Spanish speculative fiction author Sofía Rhei’s collection, Everything is Made of Letters—translated by Sue Burke, James Womack, and the author, with assistance from Ian Whates, Arrate Hidalgo, and Sue Burke—brings together her explorations of language, communication, and the materiality of words. Like Lola Robles (also from Spain), Vandana Singh, China Miéville, and Ma Boyong, Rhei is interested in everything from human speech to xenolinguistics and everything in between. While reading these stories, we are called in fact to think about the very book we’re holding in our hands—the work that goes in to writing it, publishing it, translating it, publishing the translation, and getting the finished collection to us. Rhei asks us to pay attention to this process instead of taking it for granted, in much the same way that we’re asked by, say, farmers to think about where our food comes from and how it’s grown before we simply ingest and digest it.
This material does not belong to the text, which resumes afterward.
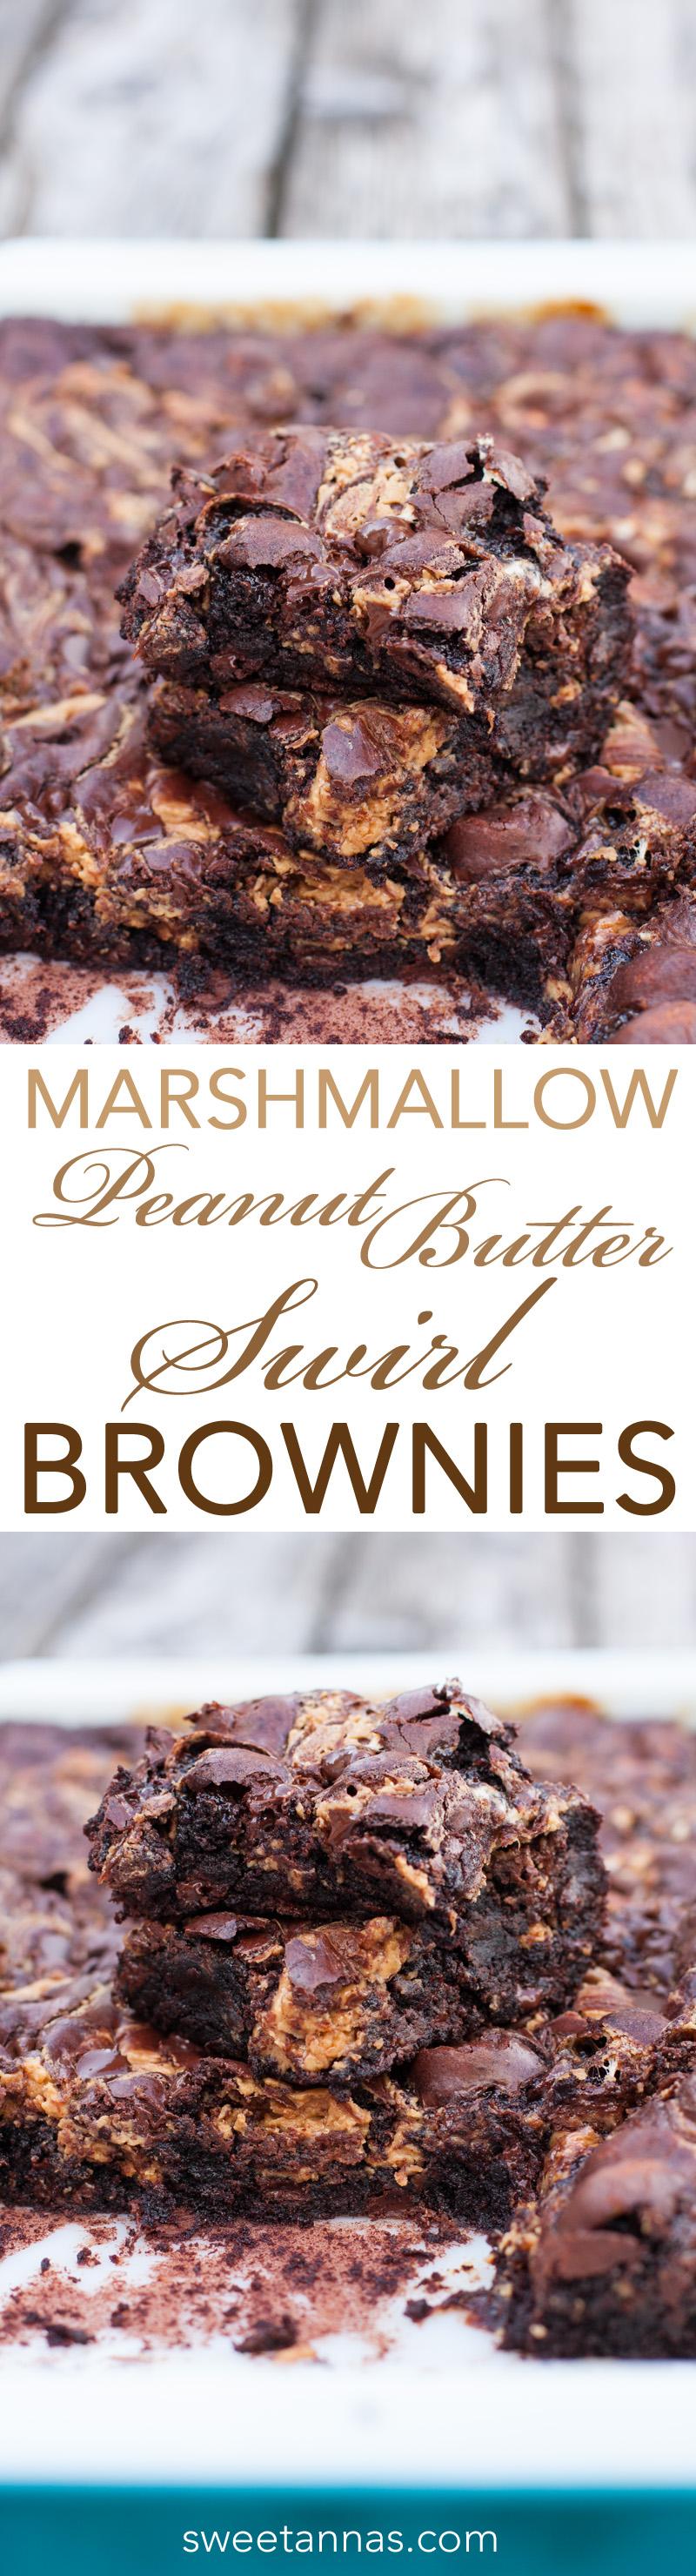 Marshmallow Peanut Butter Swirl MADE-FROM-SCRATCH Brownies! (Gluten Free OR Gluten Full!) | sweetannas.com
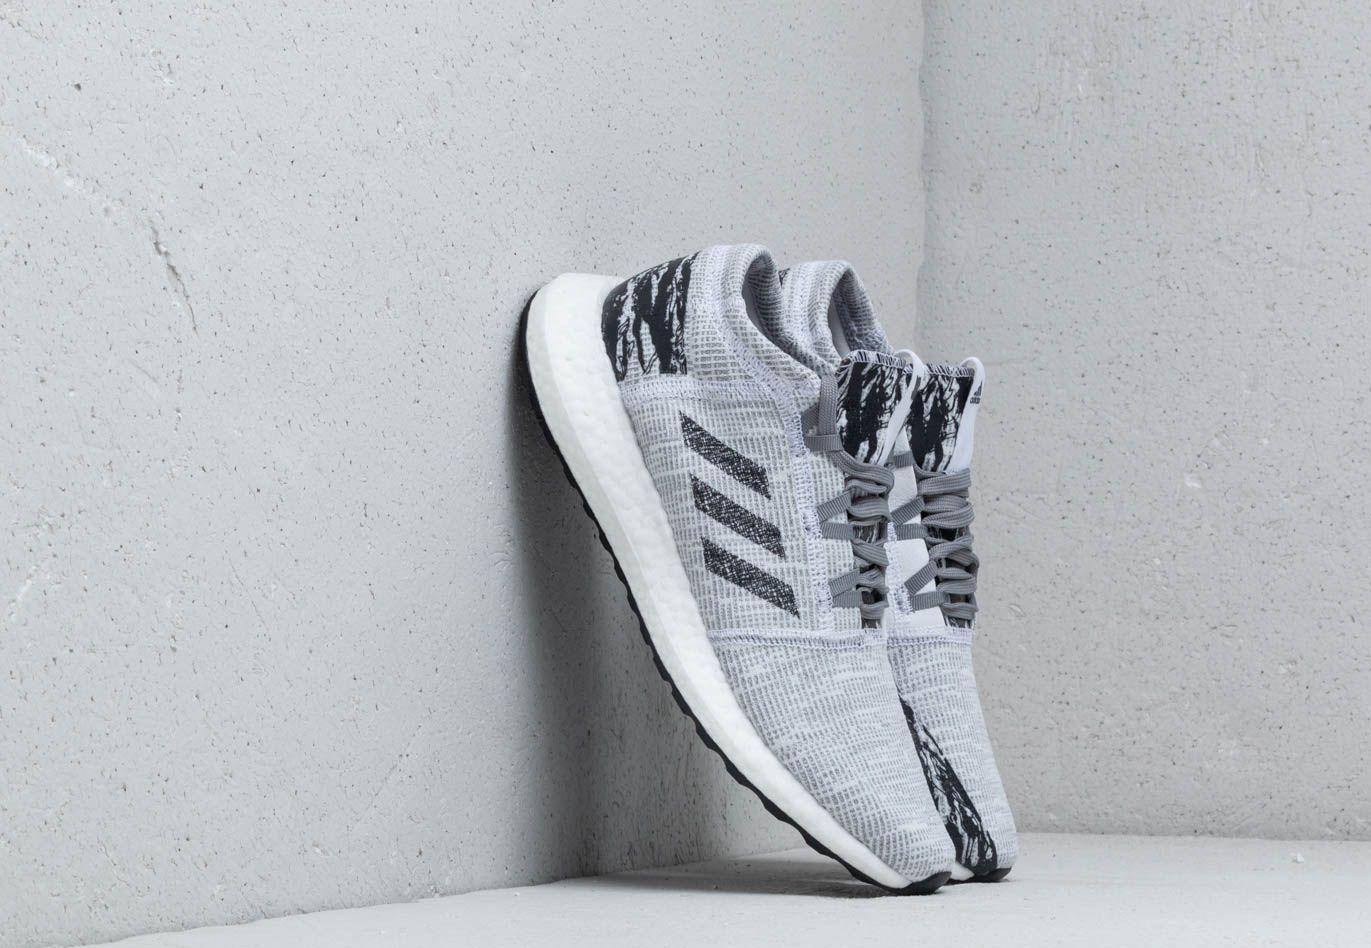 69f168f6ff274 adidas Originals. Men s Adidas X Undefeated Pureboost Go Core Black  ...

In Rhei’s collection, language is subversive, playful, and beautiful, and we’re invited to cherish it with new eyes and ears.
I was especially happy to see “Techt” at the front of the collection, since I’d read and loved it in Spanish Women of Wonder (2016). Set in the near future in which everyone uses a hyper-simplified language, the narrator (Ludwig Casares—a reference perhaps to Adolfo Bioy Casares?) clings to “Long Language” as a way to keep his mind active and versatile; he scorns Techt because it not only reduces the number of words and syllables, but diminishes the quality of peoples’ conversations and thought processes. Ironically, it was the narrator’s own great-grandmother who had first created a simpler version of the language in order to aid in automatic translation efforts. When Ludwig is fired from his job at a text-to-film translation company and encounters young people who want to learn Long Language, his pessimistic view of the future is radically altered.
Like “Techt,” Rhei’s “Secret Stories of Doors” explores how language refuses to be trapped or tied down and put to use by authorities to pacify the populace. Here, Joan Perucho, an employee of the World Encyclopaedia based in an alternative Barcelona, is one of the writers tasked with entering historical and literary documents and notes about those documents into a world-wide database. After the city had been nearly destroyed decades before, it became part of a world government bent on reorganizing and cataloging human knowledge. In another metatextual layer, that event that changed the world was Orson Welles reading H. G. Wells’s The Shape of Things to Come on the radio, which provoked a panic, and which was itself used by elites to overthrow then existing forms of government. (Of course, in our timeline, Welles actually read The War of the Worlds on the radio and the panic that it unleashed didn’t last very long—but you already knew that). The thing is, Joan doesn’t so much enter information into a database as enter false information. He takes exquisite pleasure in conjuring up entries on authors that never existed, books that were never written, and events that never took place. You can imagine his shock, though, when he’s inducted into a secret society of people who … have been doing what he does all along.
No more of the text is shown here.